X

Space junk could cause war, say researchers

Technically Incorrect: As increasing amounts of floating detritus meander around space, what happens if they strike a military satellite by accident?

Chris Matyszczyk
2 min read

Technically Incorrect offers a slightly twisted take on the tech that's taken over our lives.


devris.jpg

An impression of all the space junk floating around earth.

Stuart Grey/YouTube screenshot by Chris Matyszczyk/CNET

I spend most of my days hidden in a bunker below stairs.

This is because I've heard so many portents of doom over the last year or so that I can't possibly risk living what used to be a normal life.

There are apparently threats from all sides. Everyone is out to get us. Moreover, there are so many disparate characters vying to be our next president that you never know how excitable they might be with their fingers over the nuclear button.

Now, however, I have another reason to worry: space junk. As more disused floating gadgets wander above our world, there's a greater chance of war.

How is this so? Well, as the Guardian reports, Russian space scientists say that there's every chance one of the bits of space junk could accidentally smack into a military satellite.

Now you know what happens when a military satellite suffers a hit. Someone with a hair-trigger mentality will assume it's an attack from a foreign power and immediately want to strike back.

The scientists have published a report detailing their fears in Acta Astronautica. In it, Vitaly Adushkin of the Russian Academy of Sciences in Moscow says that space junk poses a "special political danger."
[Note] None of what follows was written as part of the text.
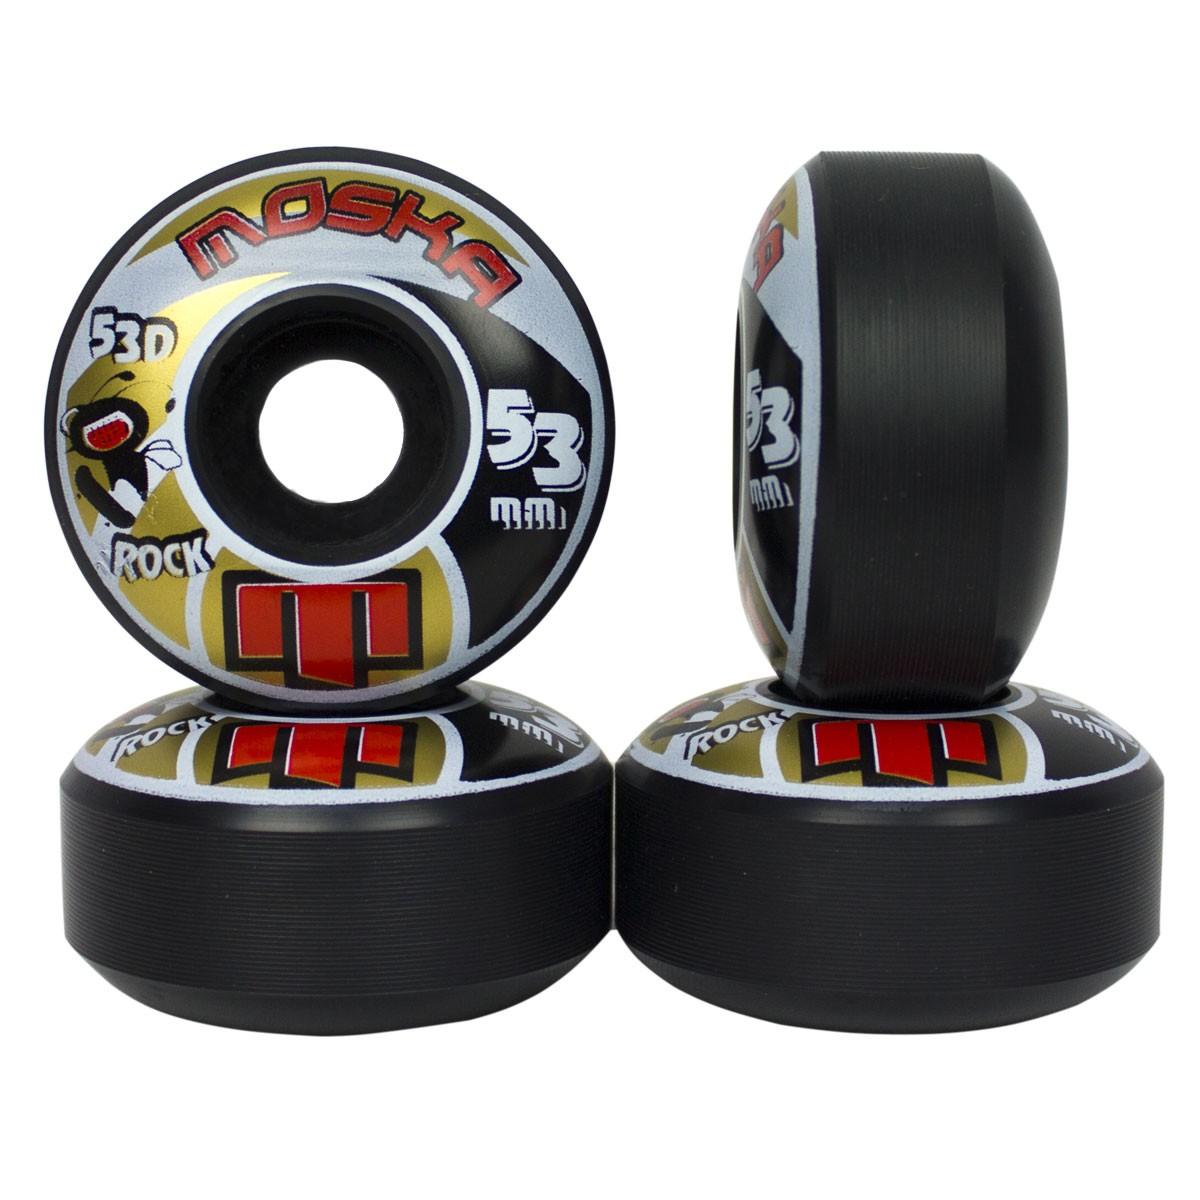 Roda Skate Moska Skate 53mm 53D 101A de Dureza

So do half of the world's politicians, you might say. But we deal with that. What's so special about space junk?

Adushkin believes there might be some ignorance involved in assessing the real cause of the spatial disturbance.

He writes that a fender-bender between some space junk and a military satellite "may provoke political or even armed conflict between space-faring nations. The owner of the impacted and destroyed satellite can hardly quickly determine the real cause of the accident."

There's the problem. Humans are reactive.

Currently, there are said to be around 21,000 pieces of space garbage over 10cms (around 3.9 inches) floating around. There are another 500,000 bits measuring between 1-10 cms (around 0.4-4 inches). Most of these are flying around very quickly.

Already, writes Adushkin, there have been incidents involving defense satellites. In 2013, a Russian satellite called Blits was blitzed by debris that apparently came from a destroyed Chinese weather satellite. And in 2014, the International Space Station had to swerve to avoid space junk five times.

There have been fears for some time about how space junk might wreck our lives. In 2011, the Pentagon warned that it could have the heinous consequence of knocking out our cell phones.

NASA has long been concerned about space junk. It says, however, that the biggest danger comes from "non-trackable debris."

We don't know about everything that's up there and out there. And on top of all that, there's aliens.

The future president's job will not be an easy one. Imagine if we went to war because of a crash in outer space. Stranger things have been known to happen.